Based upon the foregoing multiple deficits in Dr. Stubel's report based upon his orthopedic examination of plaintiff, defendants have not demonstrated prima facie entitlement to summary judgment.
Here, defendants failed to satisfy their burden of establishing, prima facie, that plaintiff did not sustain a "serious injury" within the meaning of Insurance Law 5102 (d) ( see, Agathe v Tun Chen Wang , NYS2d, 2006 WL 2965205, 2006 NY Slip Op 07434 [NYAD 2 Dept Oct 17, 2006]; see also, Walters v Papanastassiou, 31 AD3d 439 [2d Dept 2006]) as defendants' examining physician failed to provide specific range of motion measurements for plaintiff's cervical, thoracic or lumbar extension and failed to compare those findings with normal ranges of motion ( see, Hypolite v International Logistics Management, Inc. , 43 AD3d 461, 842 NYS2d 453 [2nd Dept 2007]; Somers v Macpherson , 40 AD3d 742 [2nd Dept 2007]; Browdame v Candura , 25 AD3d 747 [2nd Dept 2006]). By failing to quantify the range of motion findings in degrees for the aforementioned extensions, the report of defendants' examining physician leaves it to this Court to speculate as to whether the ranges of motion concerning plaintiff's cervical, thoracic or lumbar extension are normal or abnormal ( see, Rodriguez v Schickler , 229 AD2d 326 [1st Dept 1996]. Iv denied 89 NY2d 810). Nor has Dr. Stubel addressed the claimed injury of bilateral carpal tunnel syndrome. He does not indicate the testing he did for the same or rule out that it is causally related to the within accident. The report of defendants' examining physician does not establish that plaintiff's injuries were not causally related to this accident and do not exclude the possibility that plaintiff suffered a serious injury in the accident; therefore, the defendants are not entitled to summary judgment ( see, Peschanker v Loporto, 252 AD2d 485 [2d Dept 1998]).

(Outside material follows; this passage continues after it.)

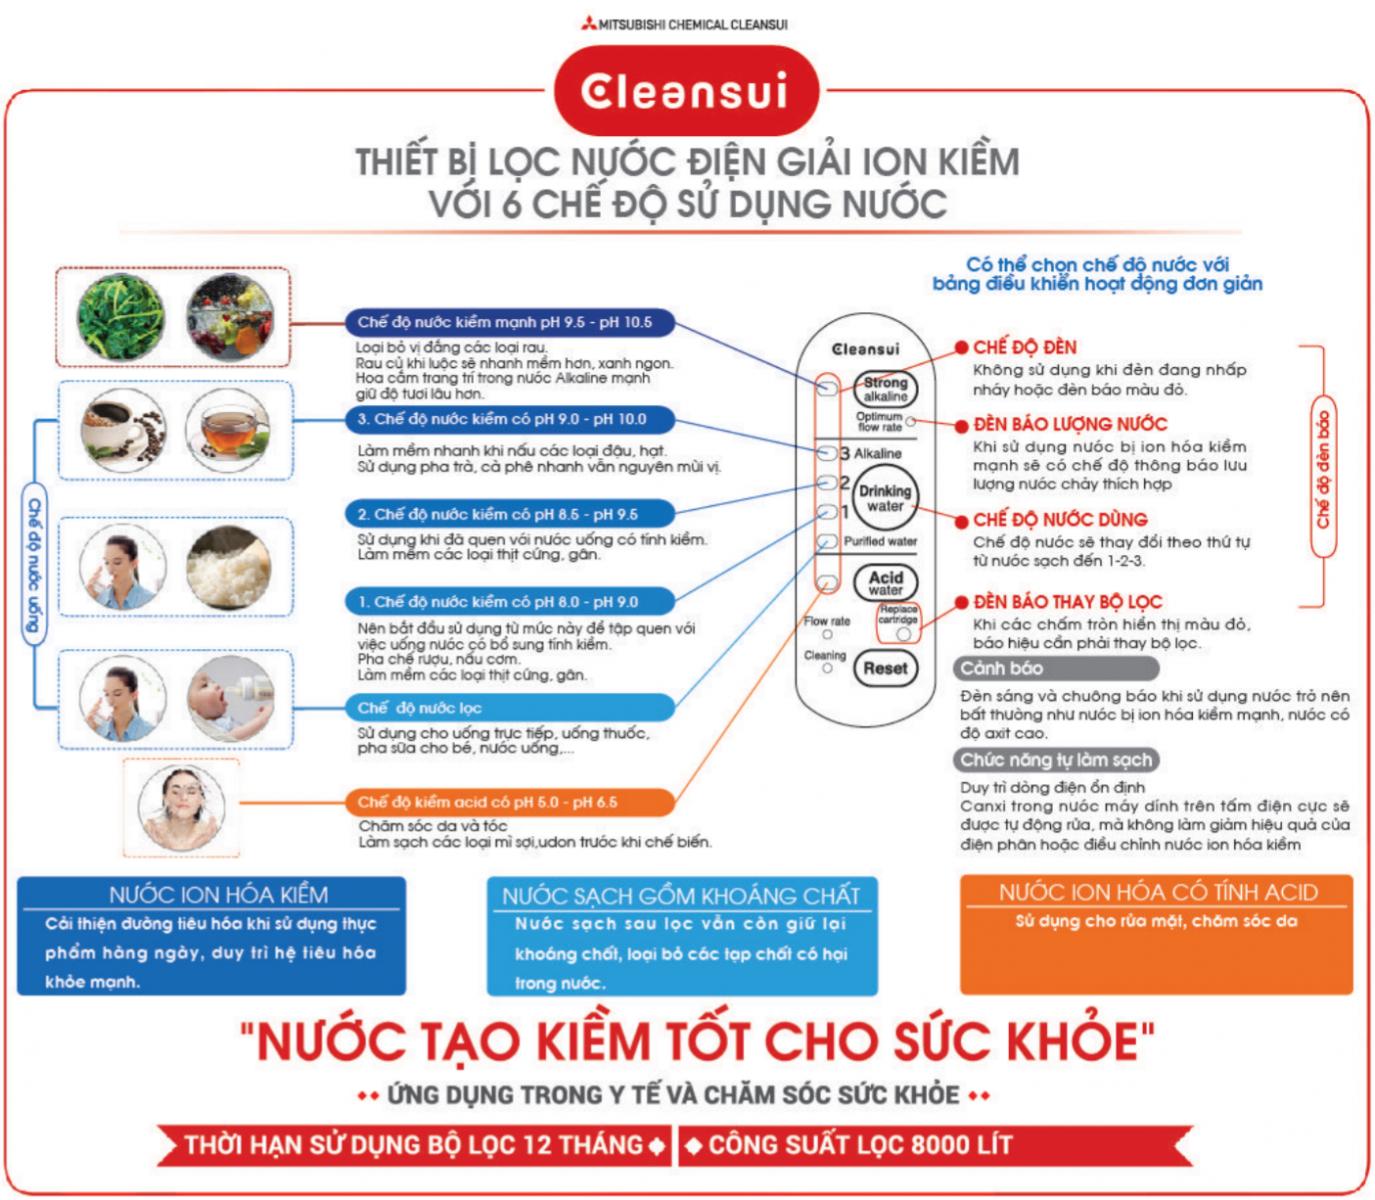 thiết kế và các chức năng của cleansui máy lọc nước tạo kiểm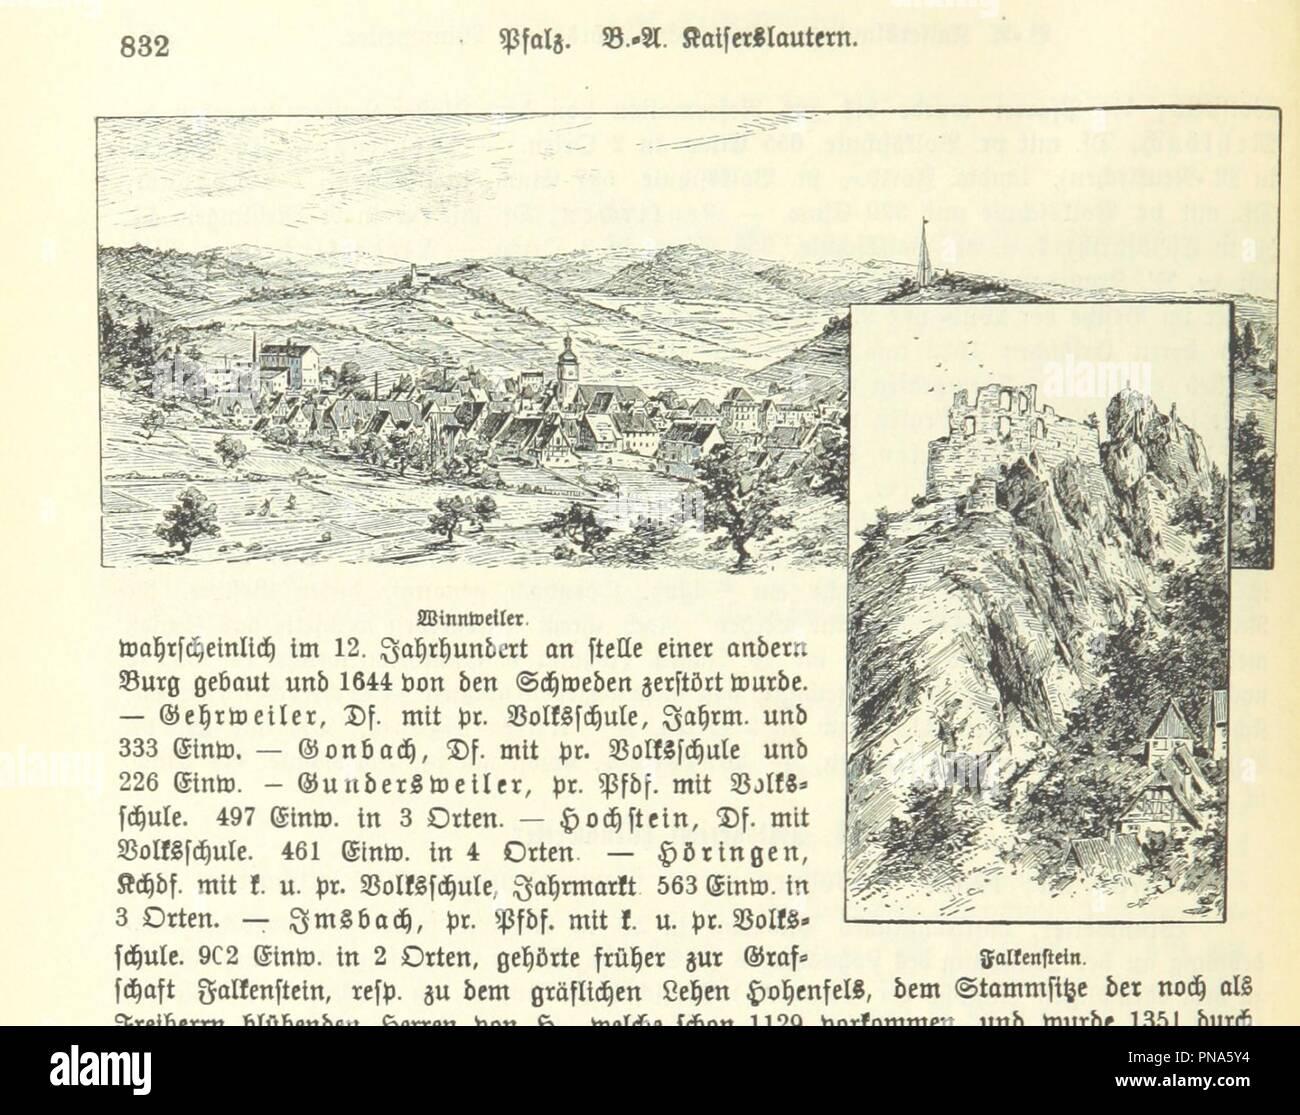 Image  from page 848 of 'Geographisch-historisches Handbuch von Bayern' . - Stock Image

Since defendants failed to establish their entitlement to judgment as a matter of law, it is not necessary to consider whether plaintiffs' papers in opposition to defendants' motions were sufficient to raise a triable issue of fact ( see, Agathe v Tun Chen Wang , supra; Walters v Papanastassiou , supra). Accordingly, motions (002) and cross-motion (003) for summary judgment dismissing the complaint on the issue that plaintiff did not sustain serious injury within the definition of Insurance Law § 5102(d) isdenied.